- Your objective:
The expected answer is the data below, printed verbatim without its pictures.

- Data excerpt:
----

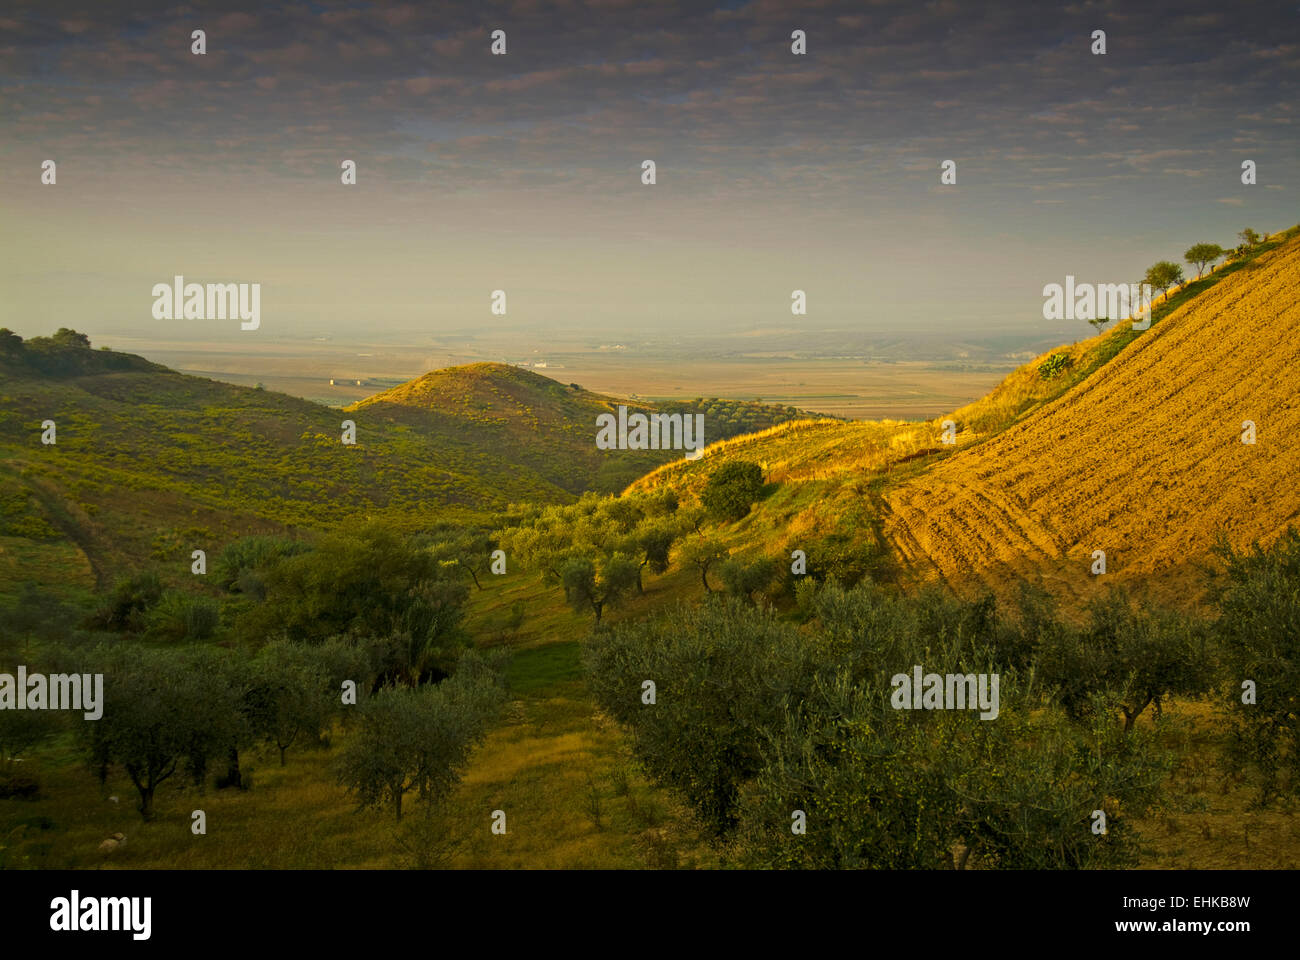 Olive groves, Gargano, Apulia, Italy Stock Photo
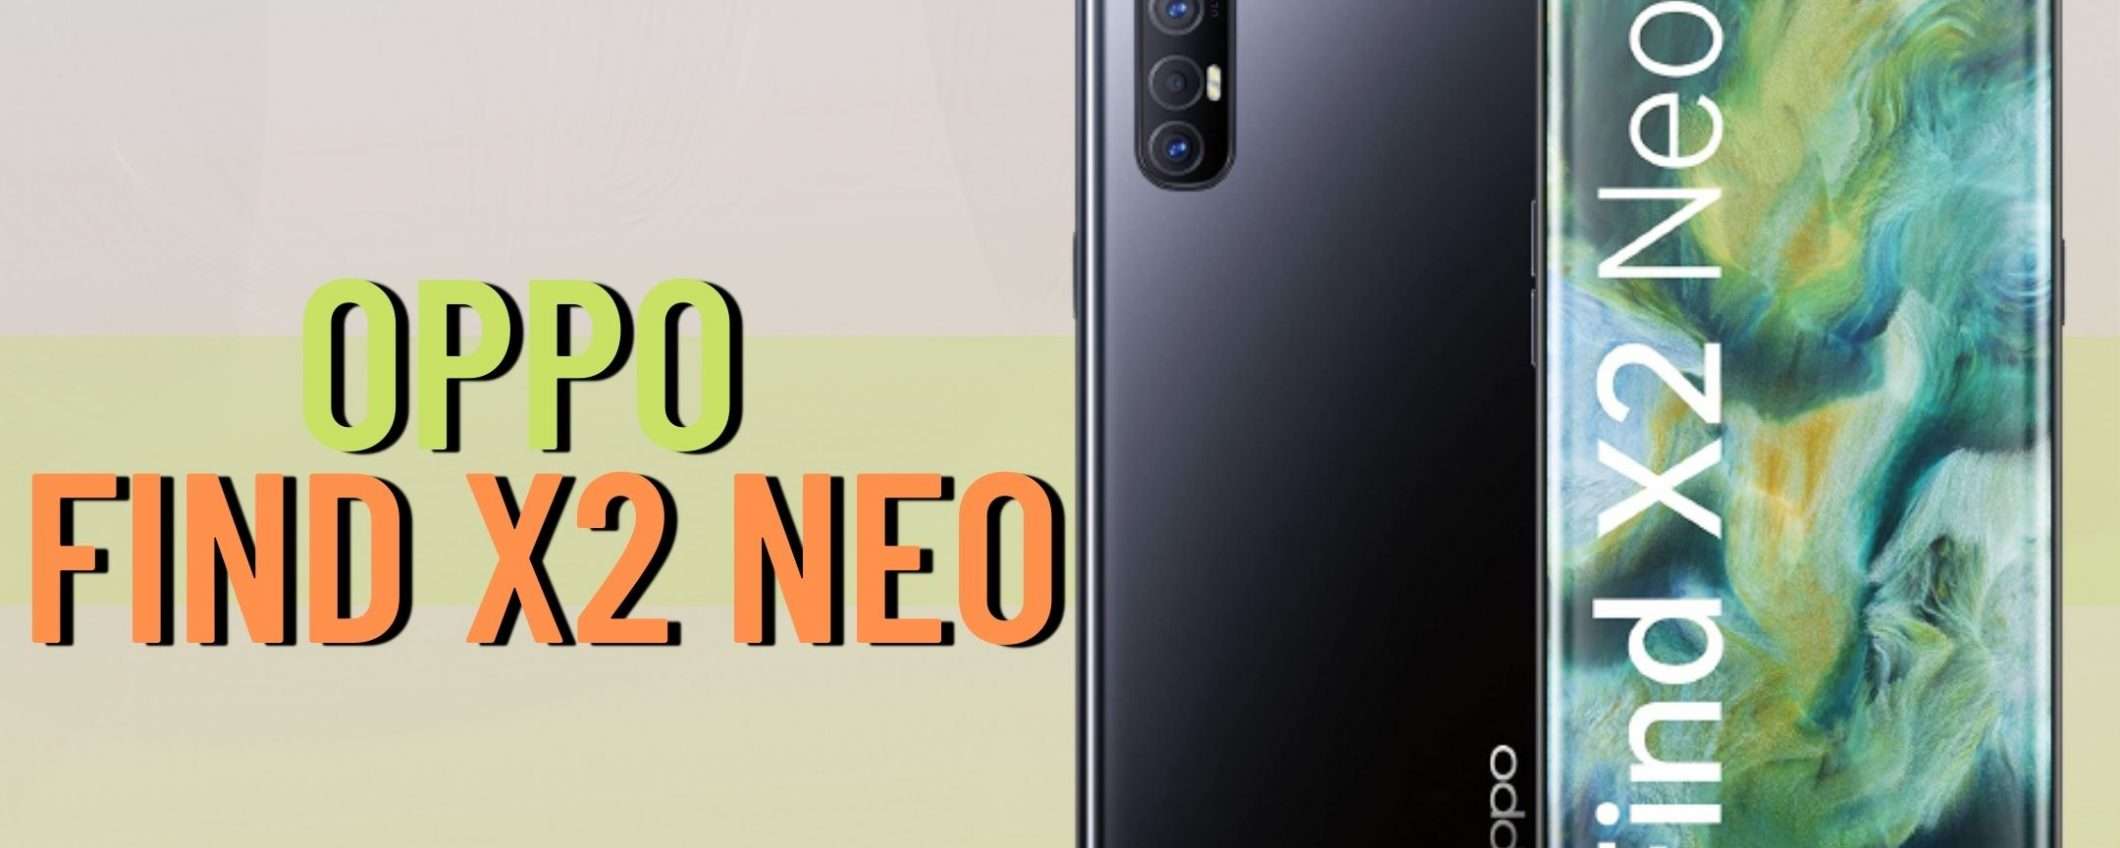 Oppo Find X2 NEO: in offerta con 100€ di sconto istantanei
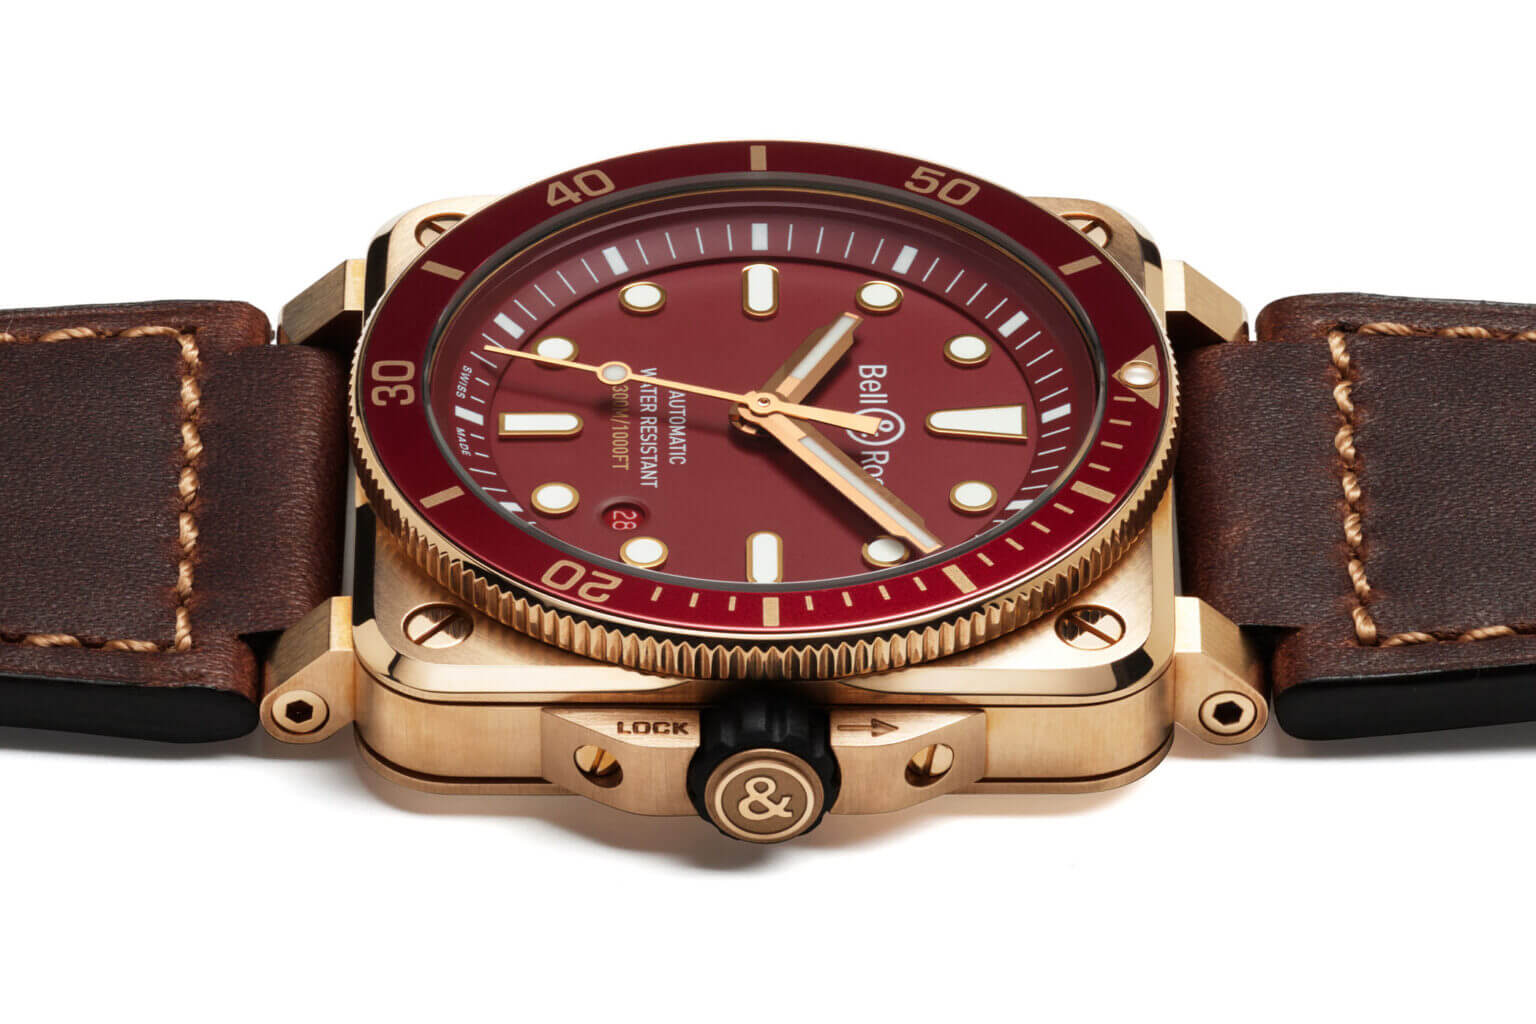 Корпус BR 03-92 Diver Red Bronze размером 42 мм x 42 мм изготовлен из бронзового сплава CuSn8, который состоит на 92% из меди и на 8% из олова
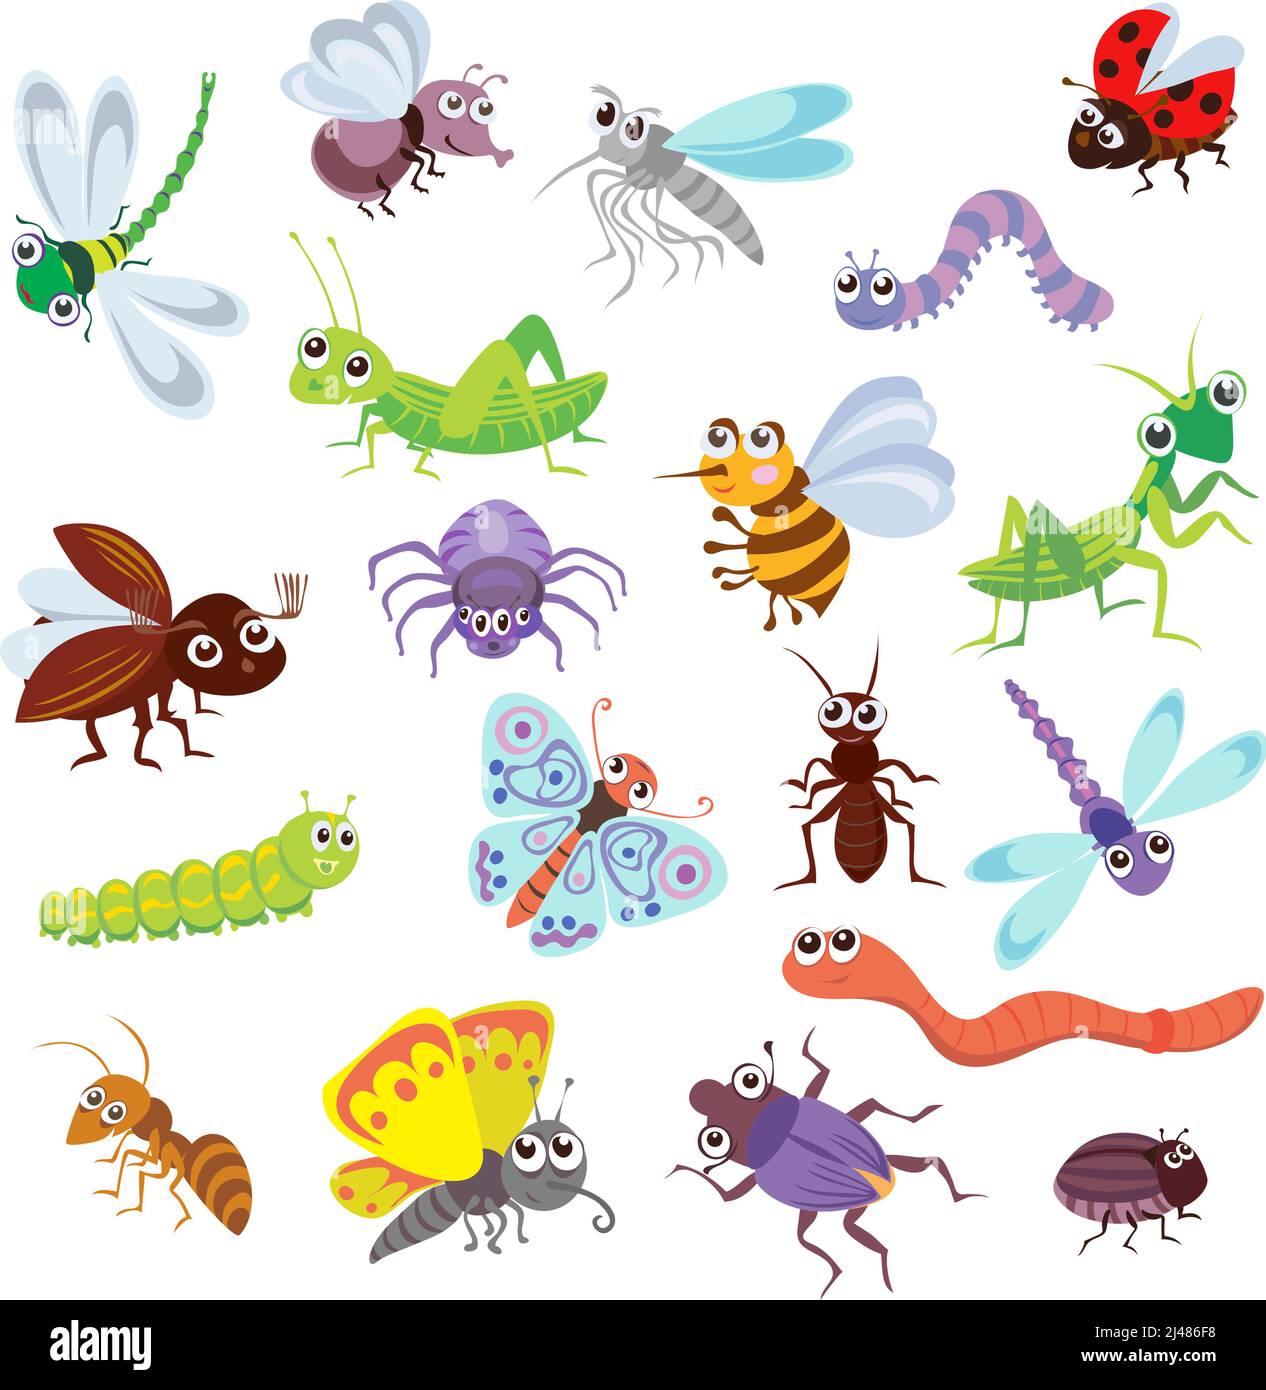 insectes amusants et autres insectes, motif, insectes, diverses postures et situations, dessin, vecteur, images, dessin animé Illustration de Vecteur

----

- Task response:
 Olive groves, Gargano, Apulia, Italy Stock Photo
 Oppo Find X2 NEO: in offerta con 100€ di sconto istantanei
 Корпус BR 03-92 Diver Red Bronze размером 42 мм x 42 мм изготовлен из бронзового сплава CuSn8, который состоит на 92% из меди и на 8% из олова
 insectes amusants et autres insectes, motif, insectes, diverses postures et situations, dessin, vecteur, images, dessin animé Illustration de Vecteur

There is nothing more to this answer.